» REQUIRED WORK
Could you transcribe every record below exactly as written, leaving out any pictures?

── DATA FOR PROCESSING ──

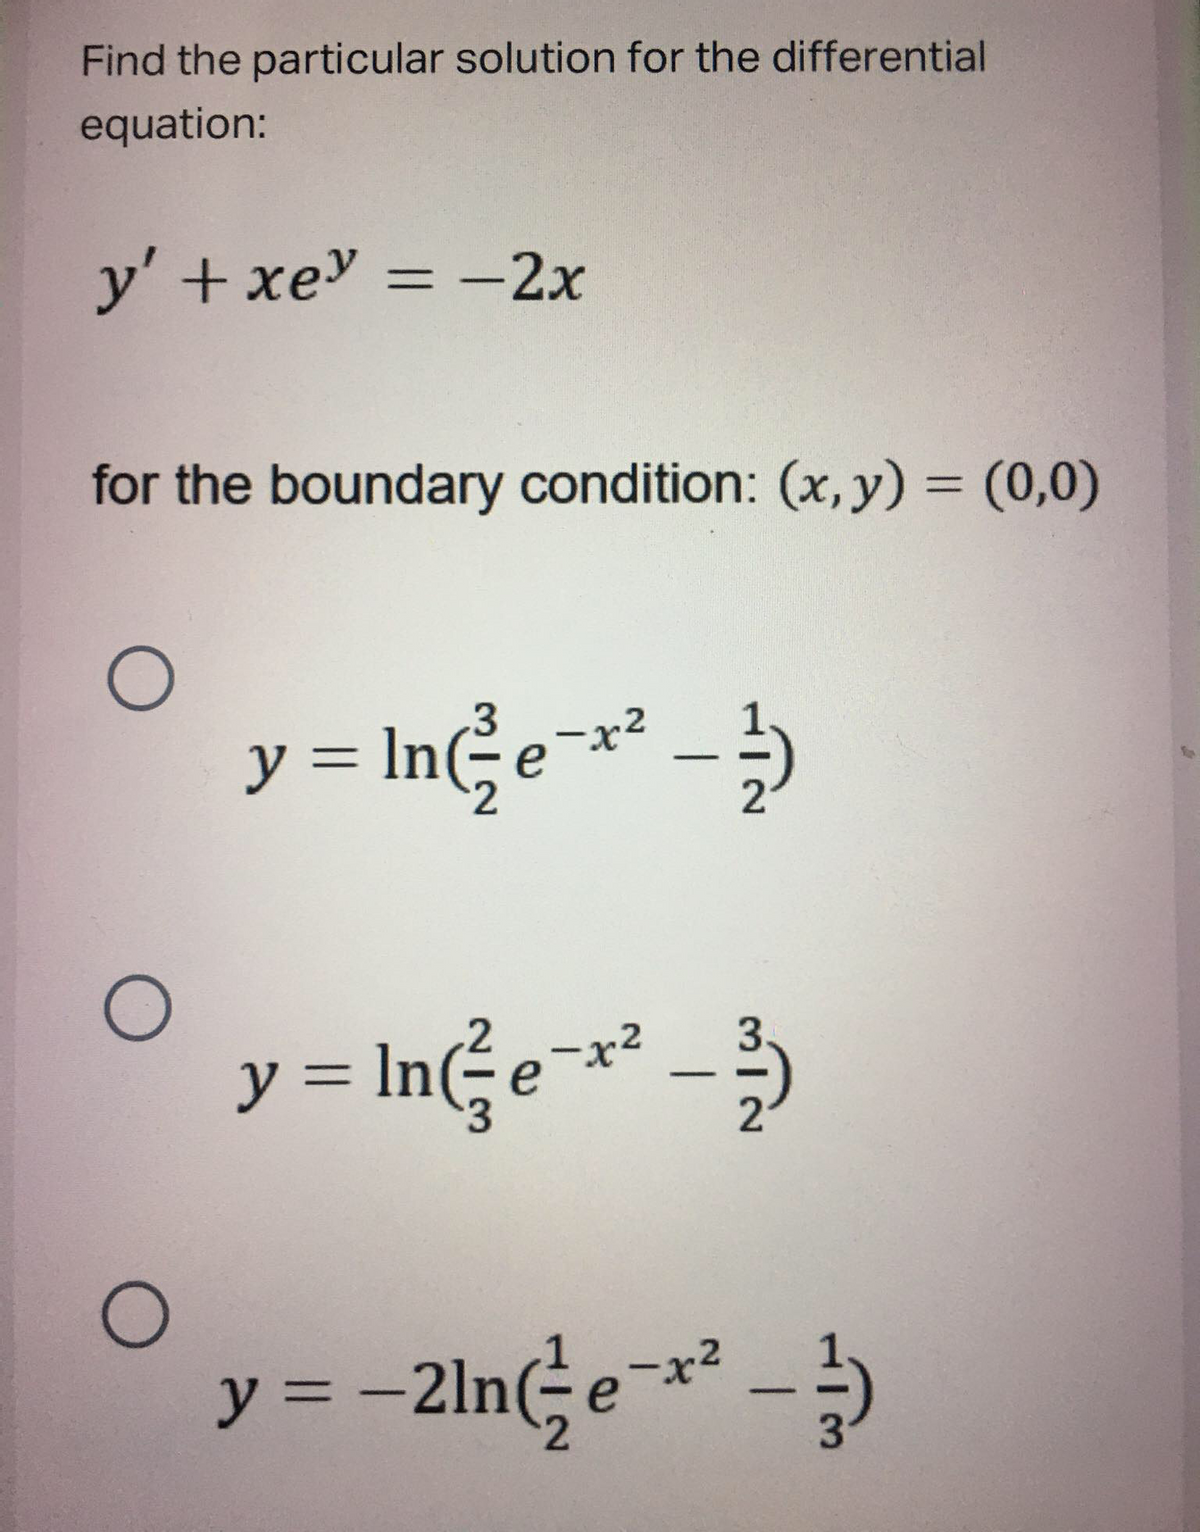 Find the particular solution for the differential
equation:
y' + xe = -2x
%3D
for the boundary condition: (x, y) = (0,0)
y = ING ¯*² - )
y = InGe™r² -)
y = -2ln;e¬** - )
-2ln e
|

───

» REPLY TO THE EXERCISE
 Find the particular solution for the differential
equation:
y' + xe = -2x
%3D
for the boundary condition: (x, y) = (0,0)
y = ING ¯*² - )
y = InGe™r² -)
y = -2ln;e¬** - )
-2ln e
|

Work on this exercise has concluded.